#poroabertoindica
Pedro Fonte — Filme do tempo
A pergunta que virou obrigatória em todas as entrevistas que tenho feito sobre novos discos é “Como fazer um lançamento durante a pandemia?”. Nesse período difícil para artistas, especialmente os brasileiros, a questão envolve aspectos que, muitas vezes, haviam sido decididos antes da nossa mudança de realidade, como cronograma, shows, turnês, entrevistas etc., além de uma questão sentimental. Muitas vezes os artistas comentam como é estranho lançar um trabalho e não ver o rosto e a expressão de quem ouve sua música.

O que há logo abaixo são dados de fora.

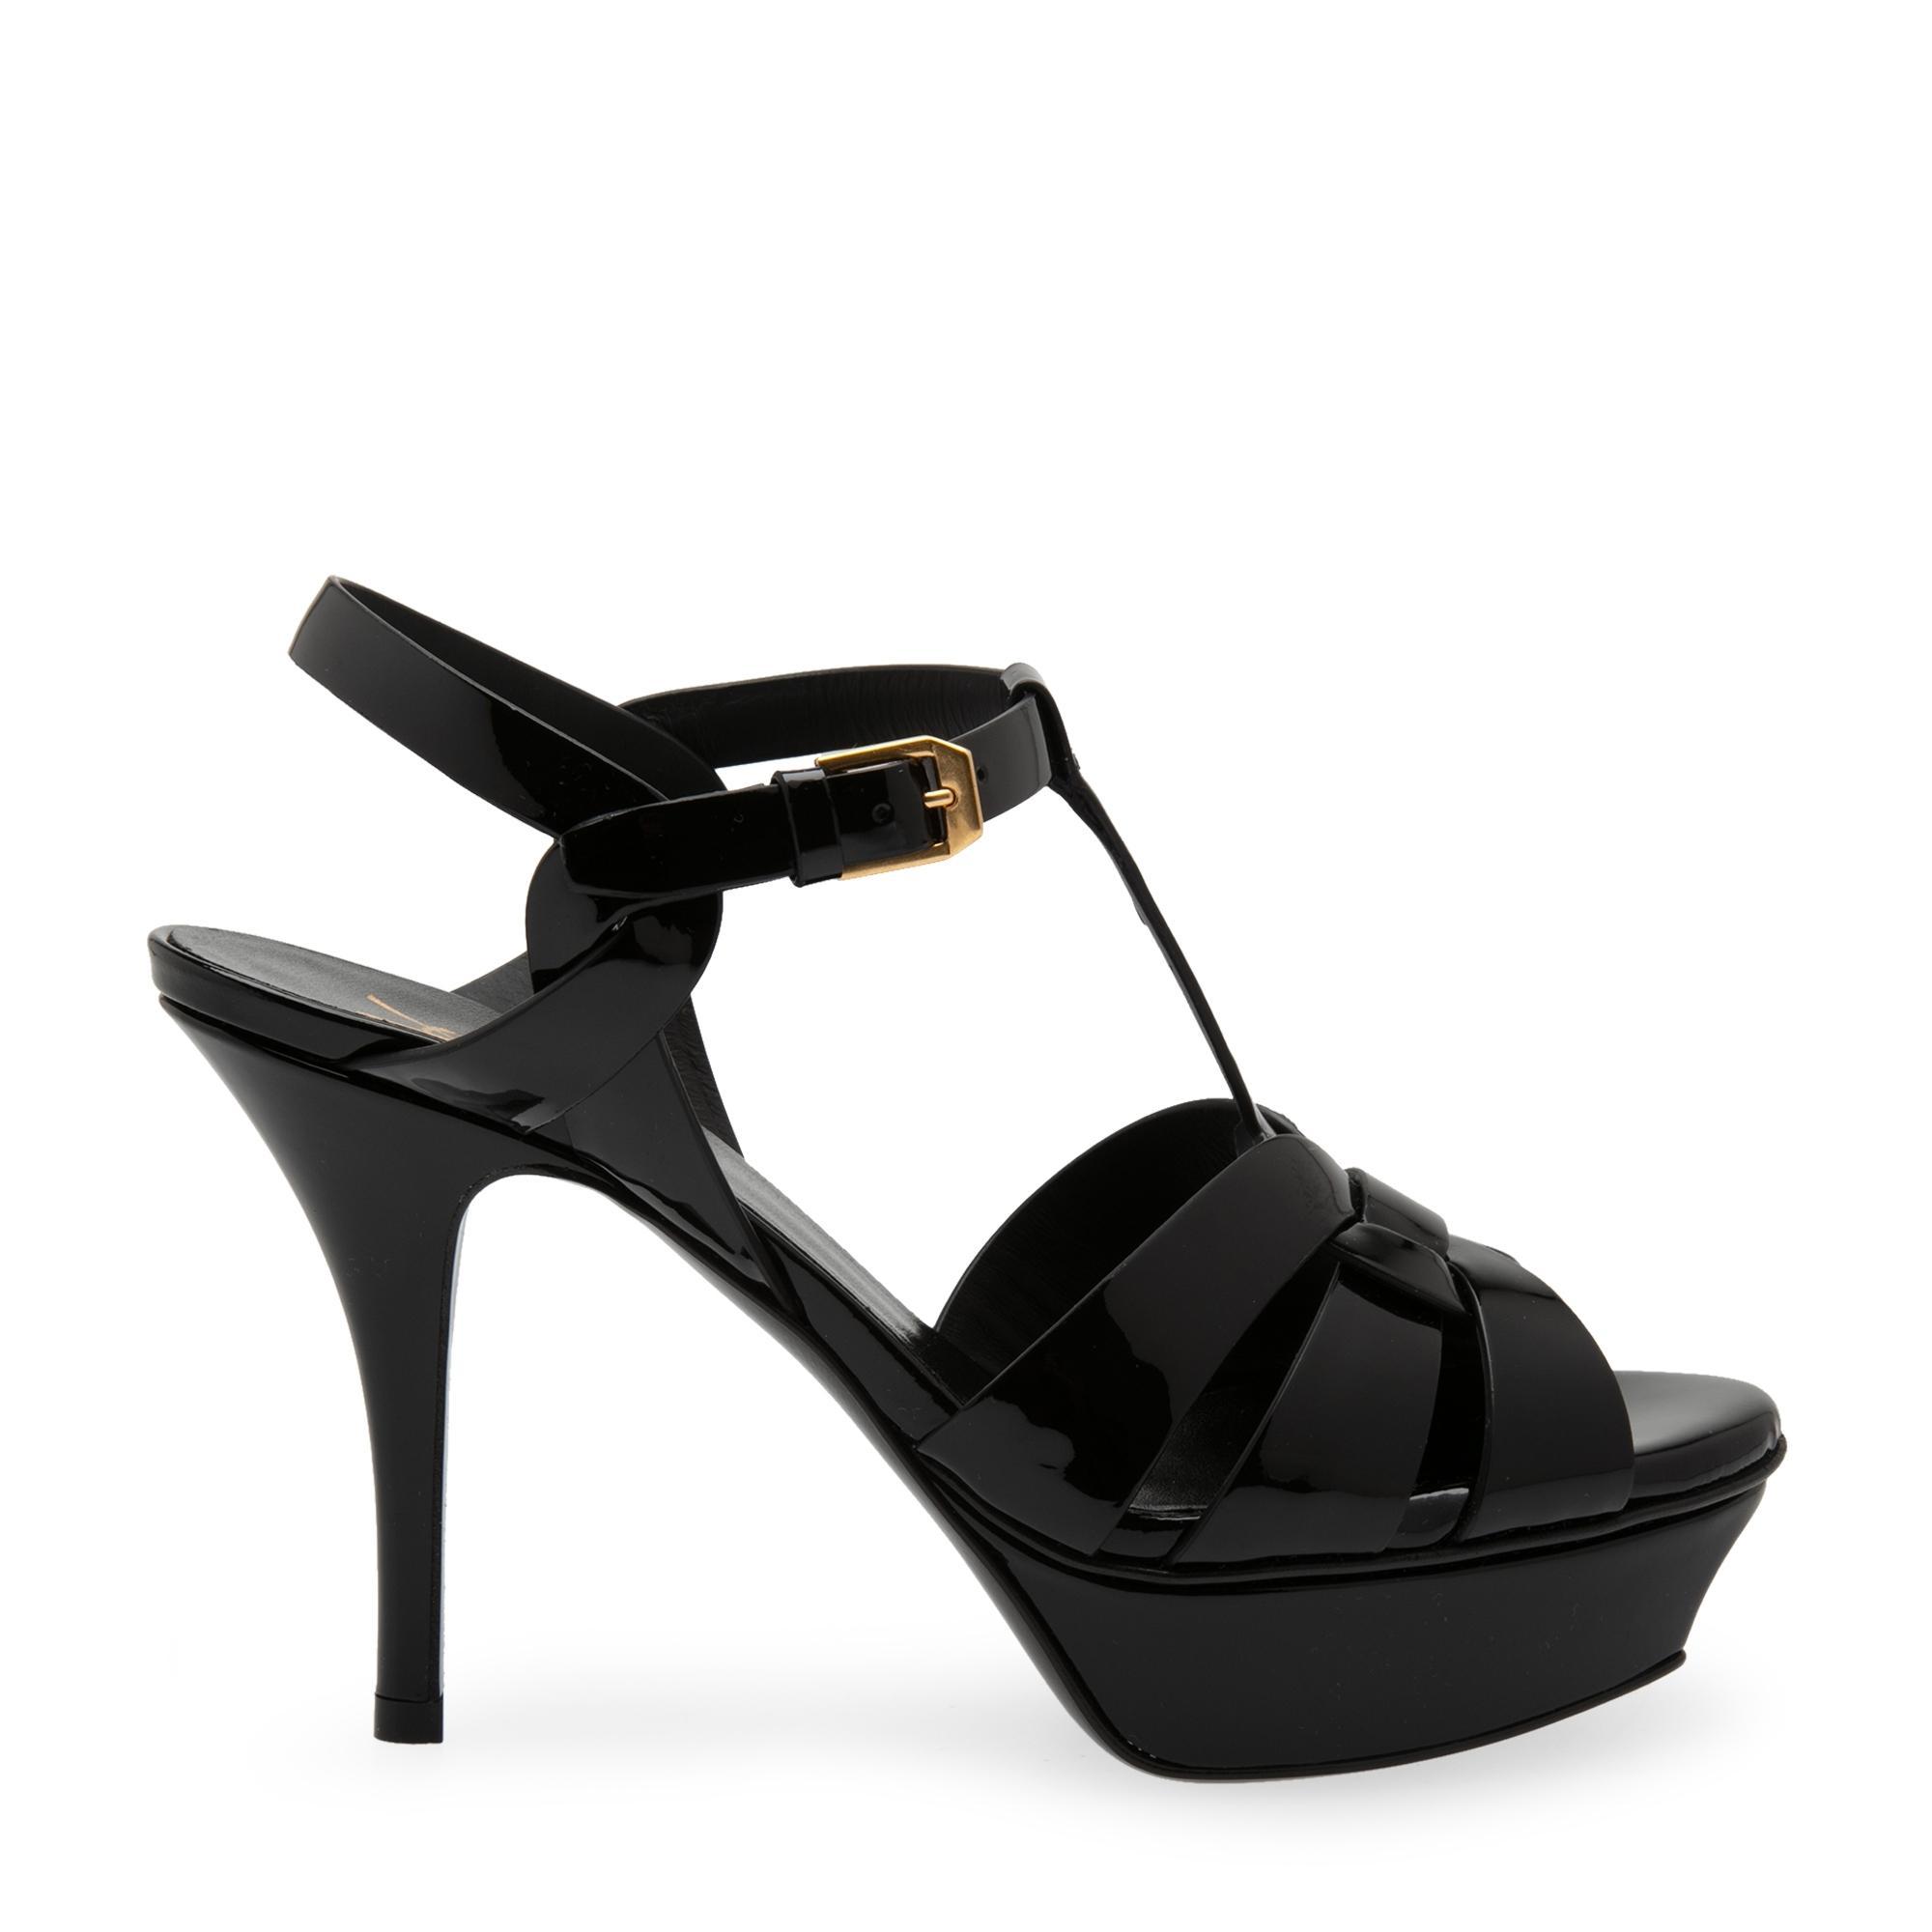 Tribute platform sandals

Fiz essa mesma pergunta para o baterista Pedro Fonte, que acabou de lançar seu primeiro disco solo, Filme do tempo, e sua resposta foi bonita: “Entendi que esse disco lançado agora seria marcado como o que ele é, um disco de 2020, desse pedaço da história que estamos vivendo. Depois de lançado percebi que minha música pôde servir de alento nesse momento difícil e trouxe questões importantes à tona pra quem parou pra escutar.” Sendo o tempo a questão principal abordada por Pedro no disco — quer dizer, que música não tem o tempo como elemento central, né? -, faz todo sentido a ideia do disco pertencer ao seu tempo histórico. E é, também, um ato de generosidade entregar um álbum ao mundo nesse período e, com pouco mais de 28 minutos, poder melhorar a manhã, o dia ou a semana de alguém.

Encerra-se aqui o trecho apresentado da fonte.